Does this mean Reddit spreads the conspiracy?
It depends on the room. The mainstream, moderated Reddit communities that surface in search debunked the trope, 0 of 9 affirmed it. The dedicated conspiracy community is the opposite environment. The same platform holds both the correction and the consensus.
What was the document on the government website?

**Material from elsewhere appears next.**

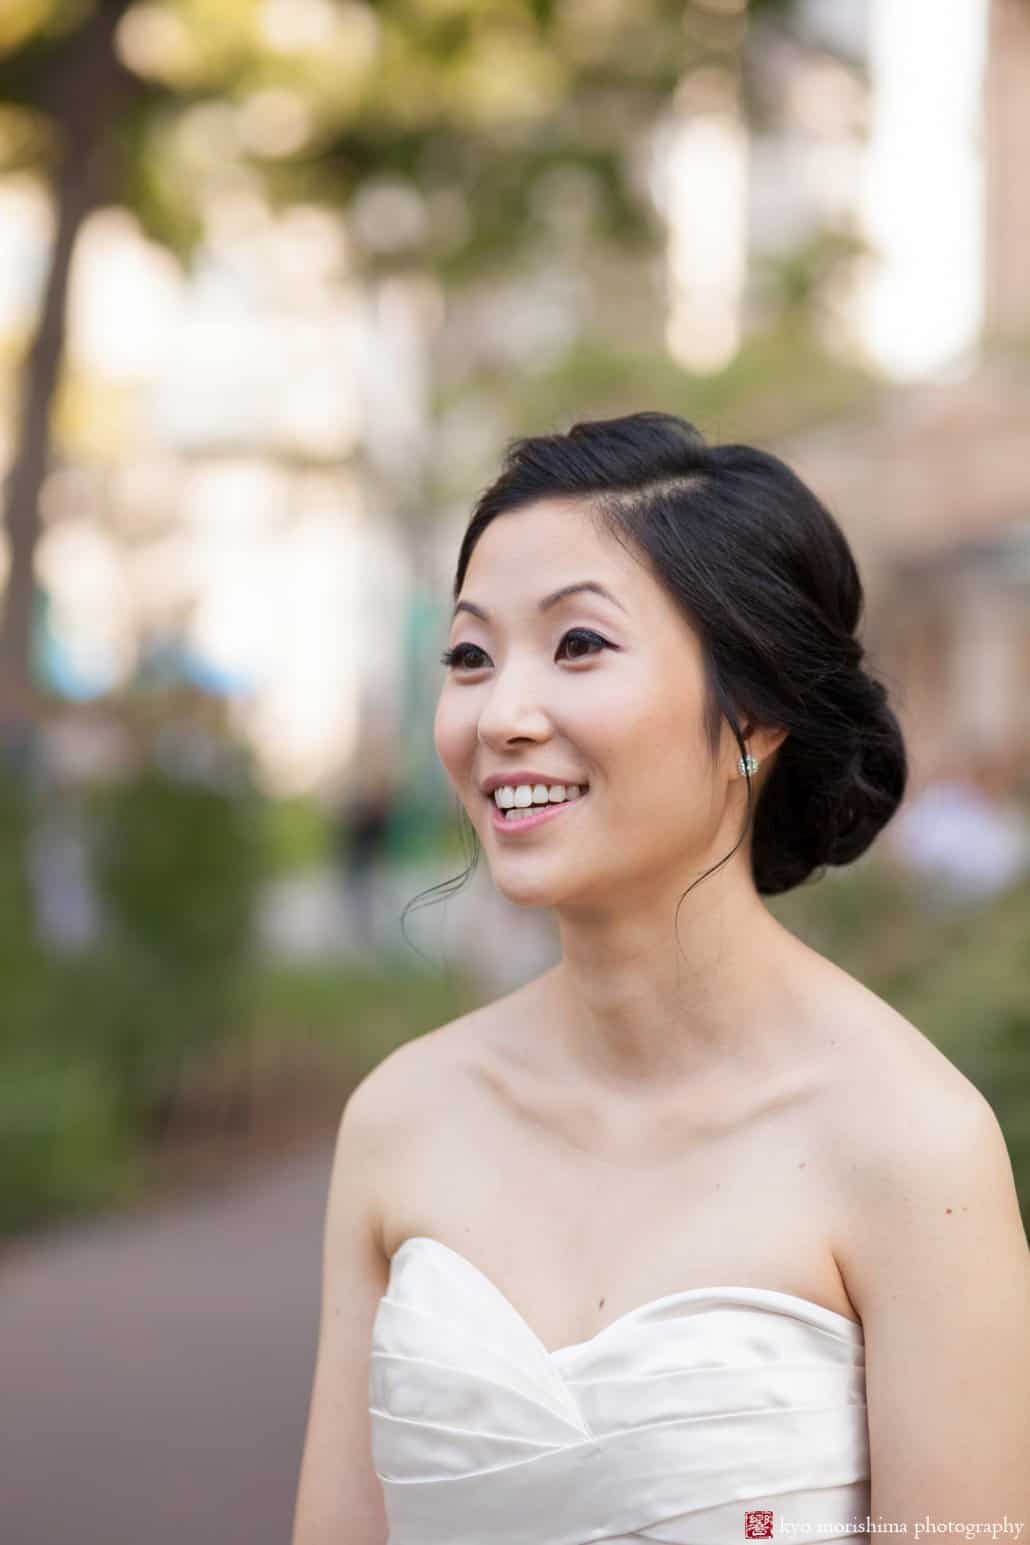 Korean bride with makeup by Vicky C5, photographed by Kyo Morishima
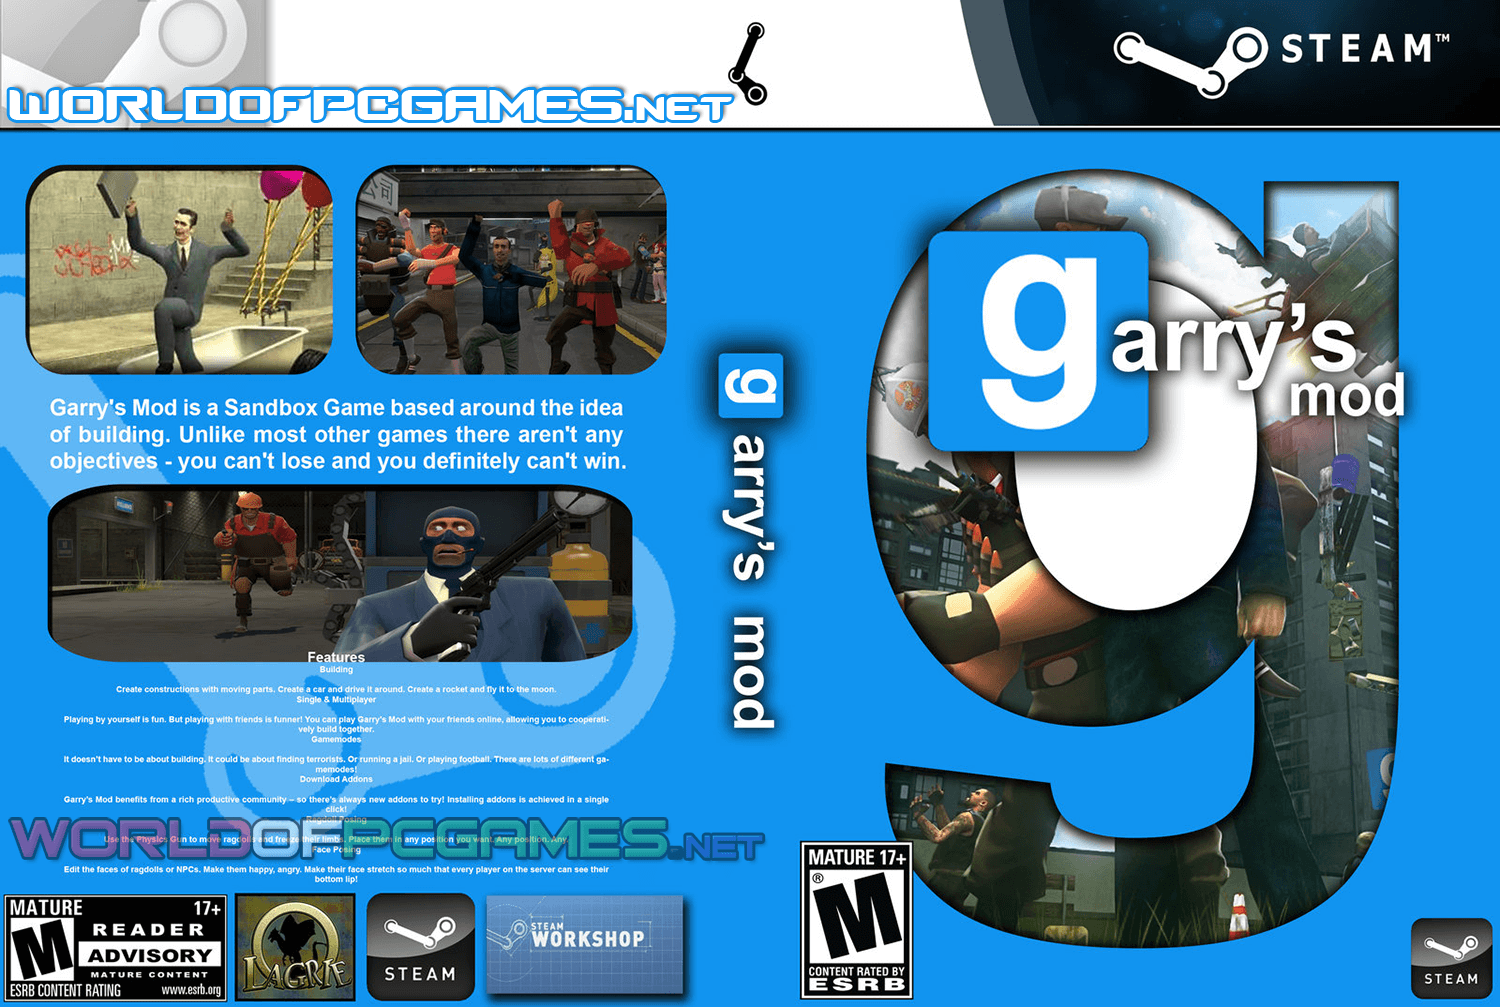 why is steam updating garrys mod and not telling me when it

A citizen exhibit, a printout of a conspiracy post that a member of the public submitted to a legislative committee hearing in 2023 and that was scanned into the public record. The legislature neither wrote nor endorsed it; a search engine ranked it third for the authority of the .gov domain that stores it.
Why does the conspiracy-of-power trope matter enough to measure?
It is among the oldest antisemitic tropes and a measured input, not an idle one: search demand for the Rothschild conspiracy has tracked registered hate-crime counts (Aziani and colleagues, 2025, preprint), and the most unmoderated fringe platforms carry antisemitic slurs and imagery at elevated rates (Zannettou and colleagues, 2020, peer-reviewed).
Sources
- Aziani, Lo Giudice, Yazdi, 2025. Conspiracy to Commit: Information Pollution, Artificial Intelligence, and Real-World Hate Crime. arXiv:2507.07884. Preprint.
- Hanover Institute, 2026. Study of the conspiracy-of-power trope across two environments: the top search results for 14 gateway questions, and the posts and comments of an online conspiracy community. First-party study.
- Google, 2026. Public organic search results, follow-up question boxes, AI-generated search summary presence, and search-volume data, United States locale. Public platform data.
- Weinberg, Levy, Edwards, Kopstein, Frey, and colleagues, 2025. Hidden in Plain Sight: Antisemitic Content in QAnon Subreddits. PLoS ONE. DOI 10.1371/journal.pone.0318988. Peer-reviewed.
- Zannettou, Finkelstein, Bradlyn, Blackburn, 2020. A Quantitative Approach to Understanding Online Antisemitism. ICWSM. DOI 10.1609/icwsm.v14i1.7343. Peer-reviewed.